”六本木を止める”パフォーマンス、芸術家のつくる実験空間、テントナイト。
壁や床に花の模様が描かれた部屋に観客自身が踏み入れる「Echoes」シリーズや、シャボン玉による大規模なパフォーマンス「Memorial Rebirth」など。ダイナミックで非日常感ある作品で知られる大巻伸嗣さんが考える、未来の六本木、そしてパブリックアートや住空間とは? インタビューは「そもそも、六本木にないものなんてあるんですか?」という、大巻さんからの逆質問からはじまりました。
六本木って人もたくさんいるし、モノだって何でもある。でも考えてみれば、ないものだって、まだけっこうあると思うんです。末期の都市というのは、あらゆるものが飽和して、ないものがなくなっていきます。そして飽和したあとは、ザーッと潮が引くようにあっという間に衰えていくもの。たとえばウチの実家のある岐阜の駅前なんかは、70年くらいで幕を閉じました。まあ、実際には閉じきってはいないけれど、シャッター街になってしまったので、ほとんど街としての機能自体は失ったも同然です。

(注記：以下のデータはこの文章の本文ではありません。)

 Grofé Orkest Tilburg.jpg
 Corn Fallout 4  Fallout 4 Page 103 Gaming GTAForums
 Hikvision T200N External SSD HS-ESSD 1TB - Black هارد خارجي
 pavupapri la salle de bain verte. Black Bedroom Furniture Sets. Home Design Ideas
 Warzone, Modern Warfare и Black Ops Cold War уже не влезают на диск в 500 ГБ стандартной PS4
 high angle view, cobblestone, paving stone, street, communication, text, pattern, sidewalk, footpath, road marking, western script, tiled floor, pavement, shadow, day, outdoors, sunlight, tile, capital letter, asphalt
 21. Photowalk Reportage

つまり、ないものがなくなったら、街は終わり。アートイベントはある、美術館もたくさんある、音楽だって買い物だって何だって楽しめる......。さっき、僕が「六本木にないもの」を聞いたとき、「静寂がないんじゃないか」という意見が出ました。たしかに、六本木はいつもザワザワしている。静かになったらいいなと思う人もいるでしょうが、もしかするとこれこそ、六本木という街を飽和させる最後のカードなのかもしれません。静寂を求めてしまったがゆえに、すべてが崩壊してしまうのです。
ちなみに今回、森美術館で開催されている「シンプルなかたち展:美はどこからくるのか」に出展した「Liminal Air Space-Time」という作品で、六本木にひとつ「静寂」をつくり出してしまいました(笑)。
シンプルなかたち展:美はどこからくるのか
Liminal Air Space-Time
最初は白い一枚の布が、ただゆっくり動いてるように見えるんですが、最終的にはそれが布であるのかすらわからなくなる。昼と夜でもまったく違った存在に変わります。この作品のコンセプトは、ふんわりとした「空(くう)」の時間をつくること、そして自分たちが見ているものが本当なのか、自分たちの持っている概念をもう一度見つめ直してみよう、というもの。物質の信用と裏切りといってもいいでしょう。
みなさん、もちろん自分のことは、よく知っていると思いますが、夜寝ているときの自分の状態を正しく理解している人は多くはないでしょう。そう、誰にも未知なる時間はあるし、あらゆる物質には未知なる「域」がある。寝ているときの自分は生きていると思っていたけれど違っていて、それこそが死かもしれない、とか。これだけいろいろなものを理解できているように感じられる時代の中で、実は自分が何を見ているかすらもわかっていない。人間とはそういう、アンニュイで、あいまいな存在なのです。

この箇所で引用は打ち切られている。